• **How to complete this task**
Copy exactly the lines from the line holding "http://www.pbs.org/mediashift/2011/12/01/DSC_0020" through the end of the material, and no others; pictures stay out.

[[ Available data open ]]

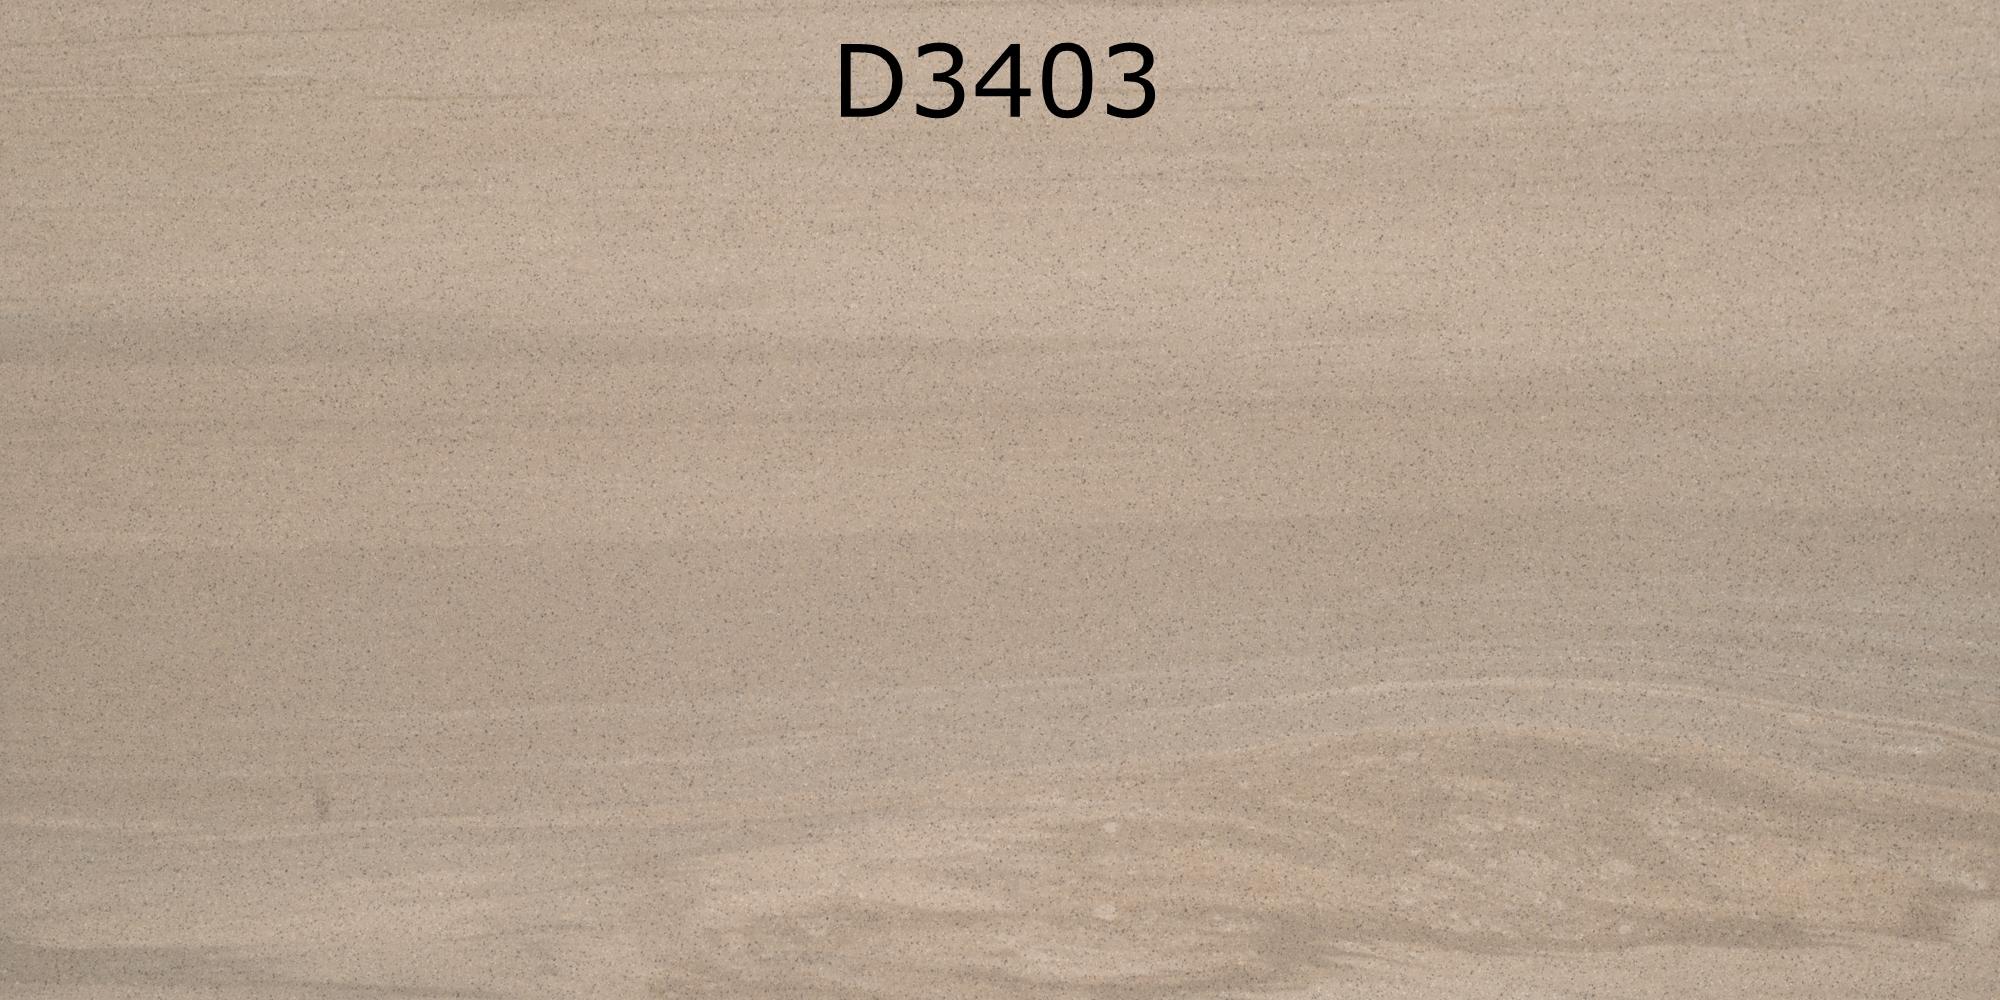 D3403
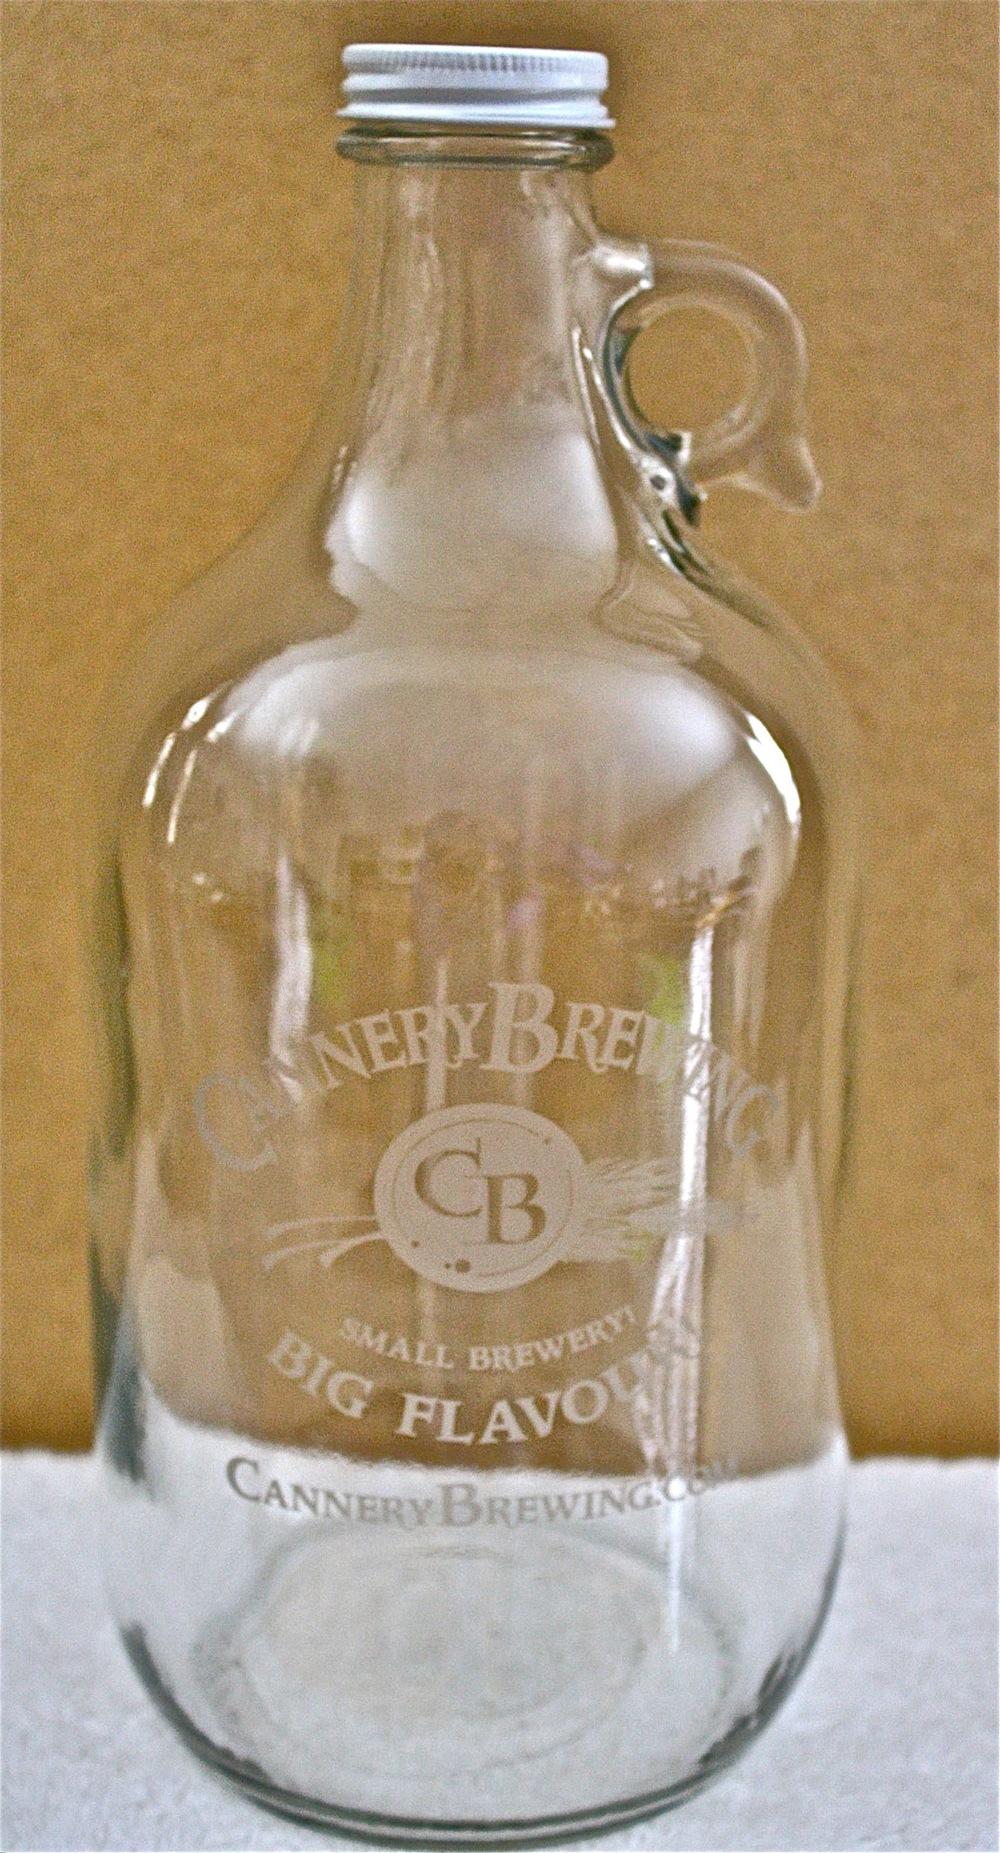 GR - Cannery Brewing.jpg
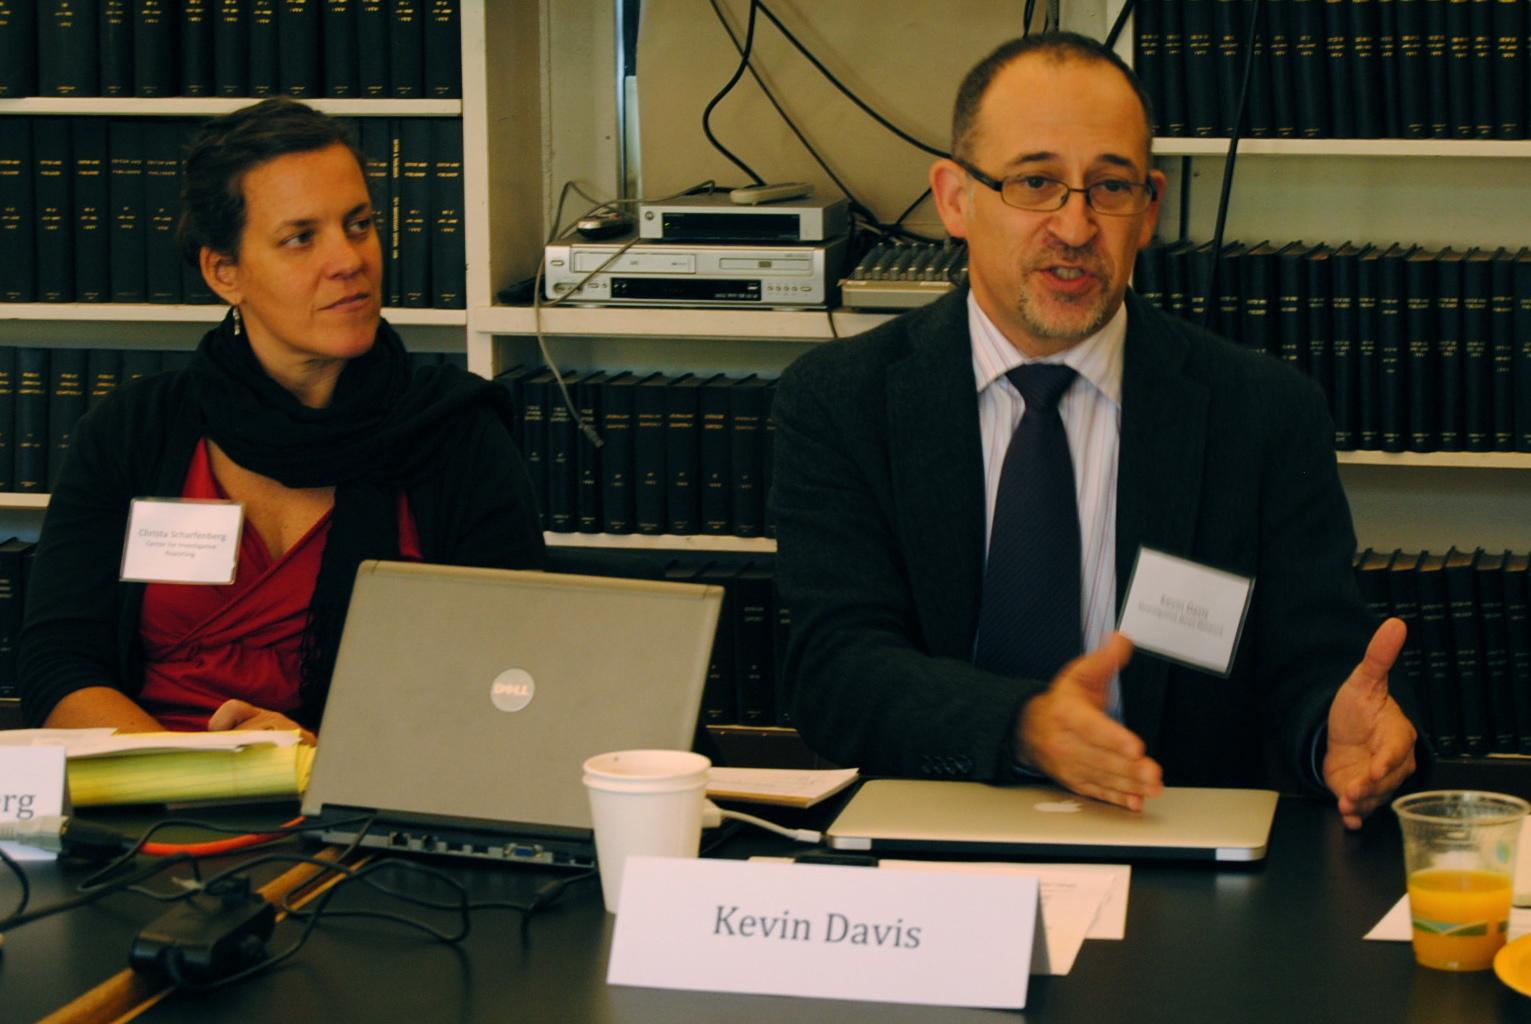 http://www.pbs.org/mediashift/2011/12/01/DSC_0020
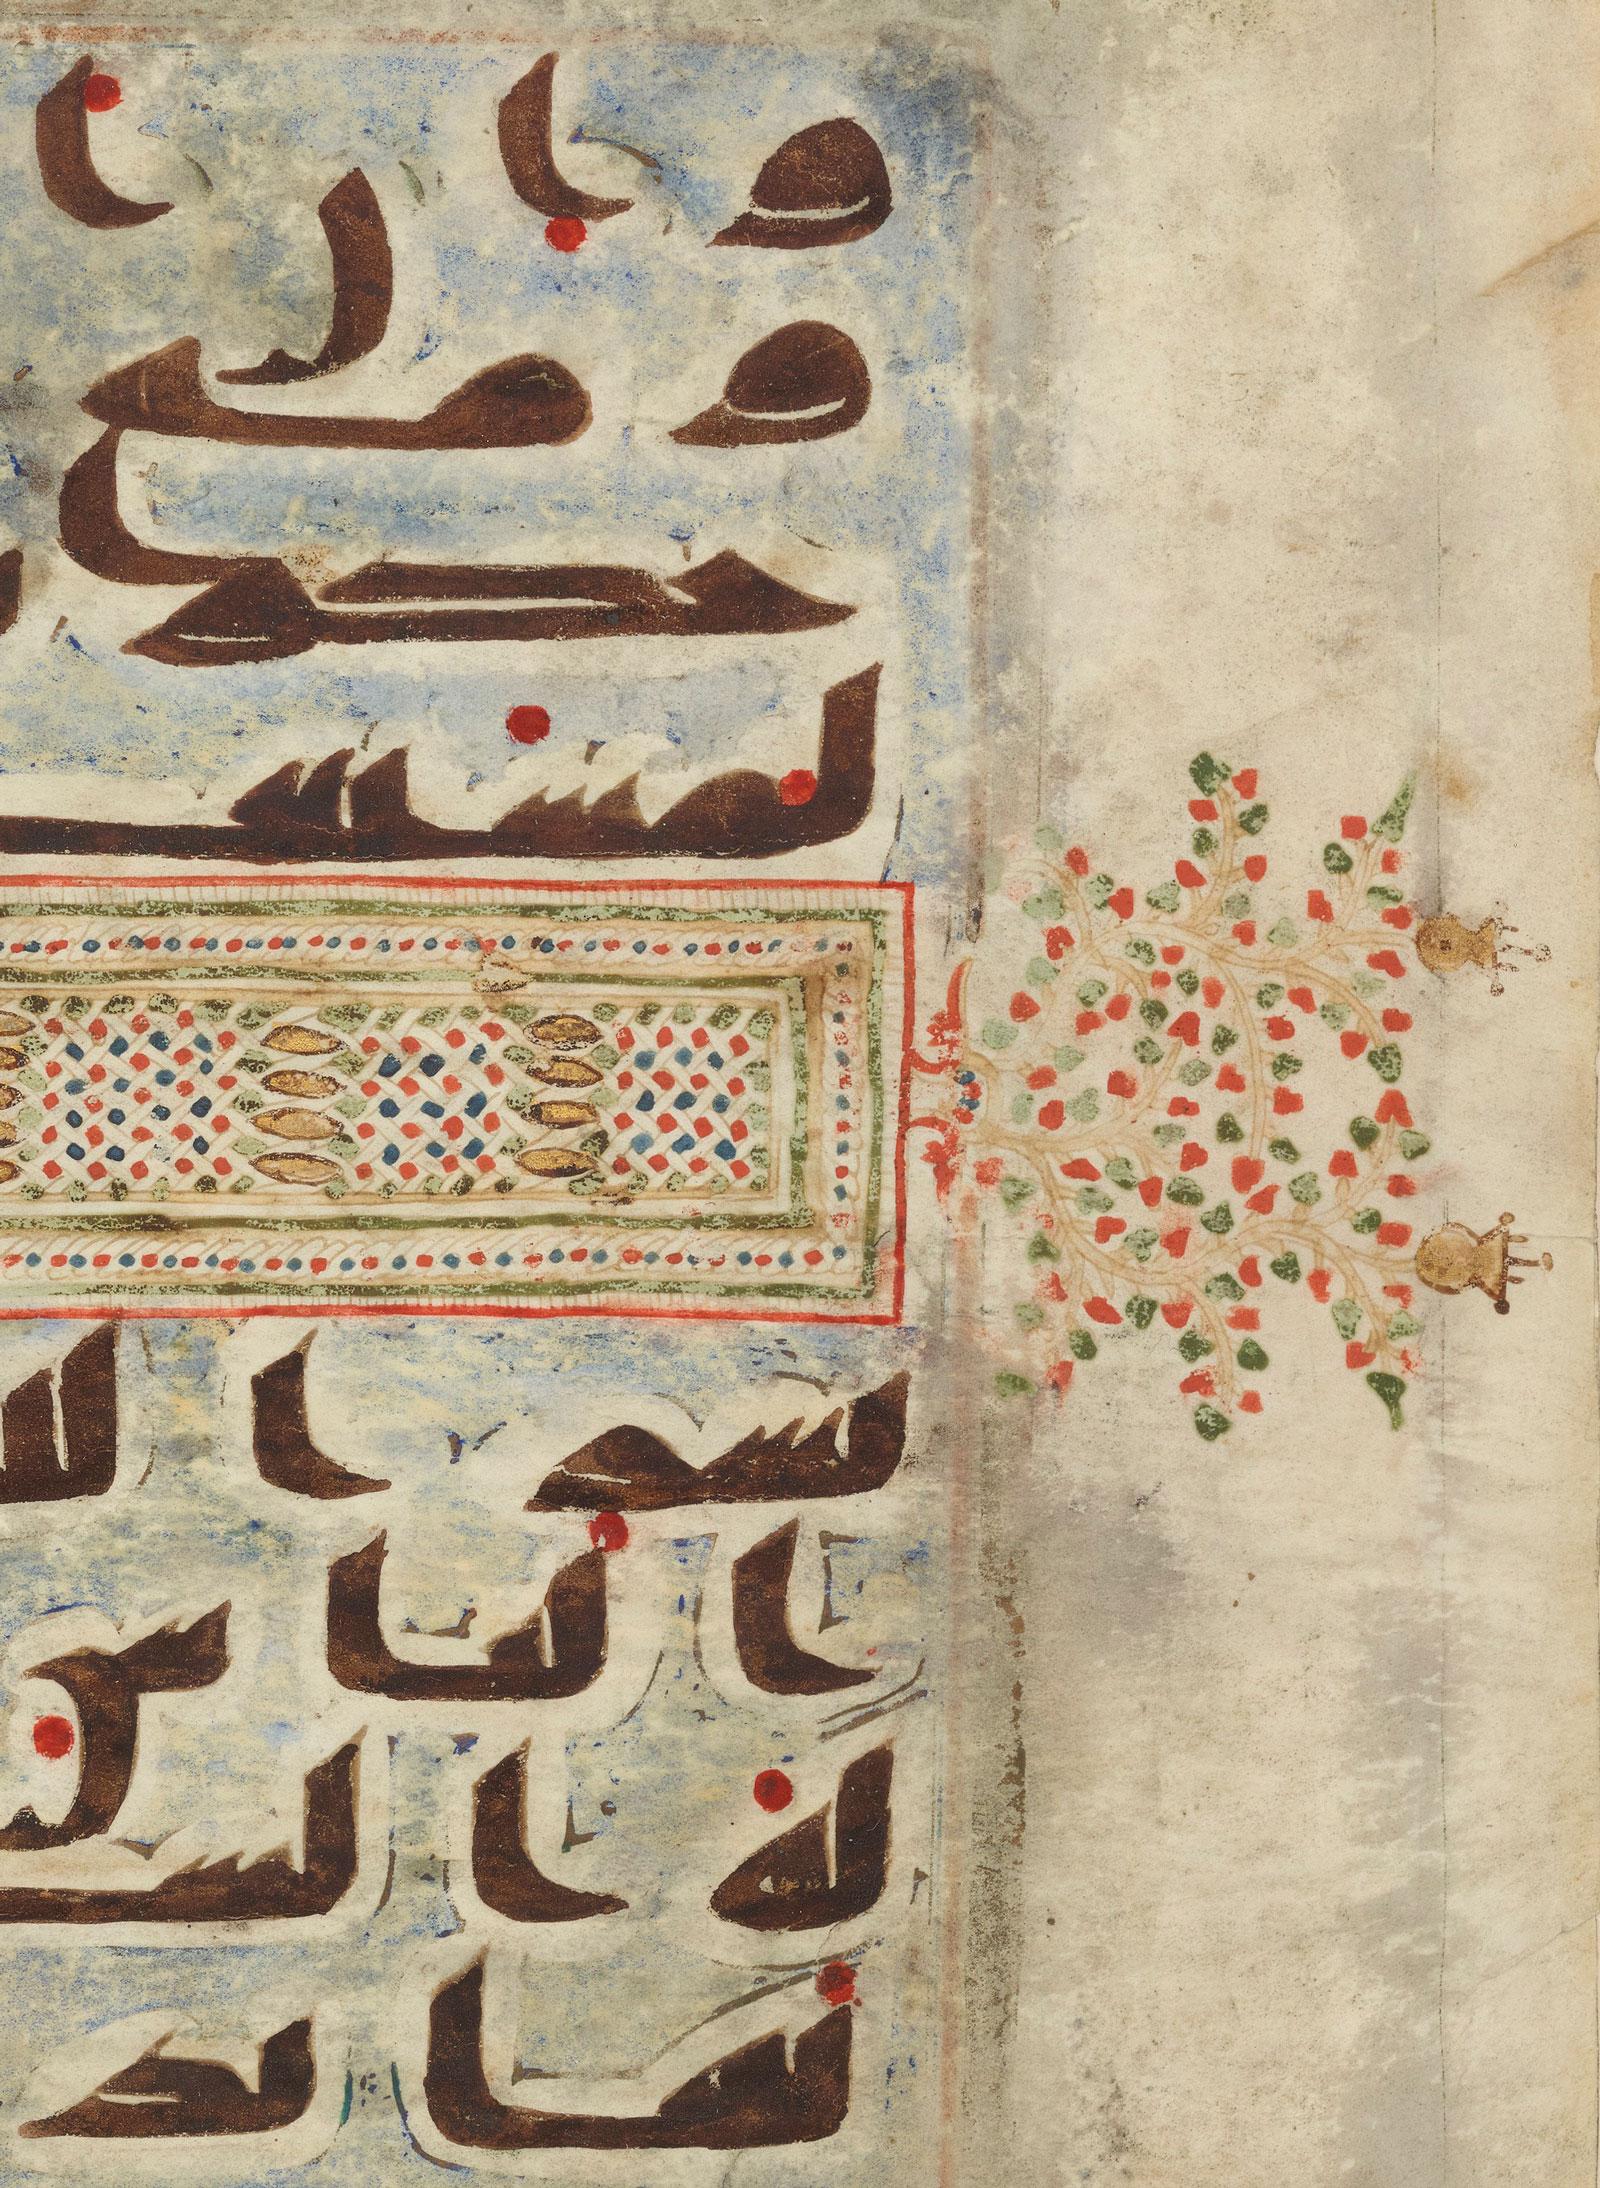 Detail from a Koran, Near East, Abbasid period, ninth century

[[ Available data closed ]]

• **Solved problem**
 http://www.pbs.org/mediashift/2011/12/01/DSC_0020
 Detail from a Koran, Near East, Abbasid period, ninth century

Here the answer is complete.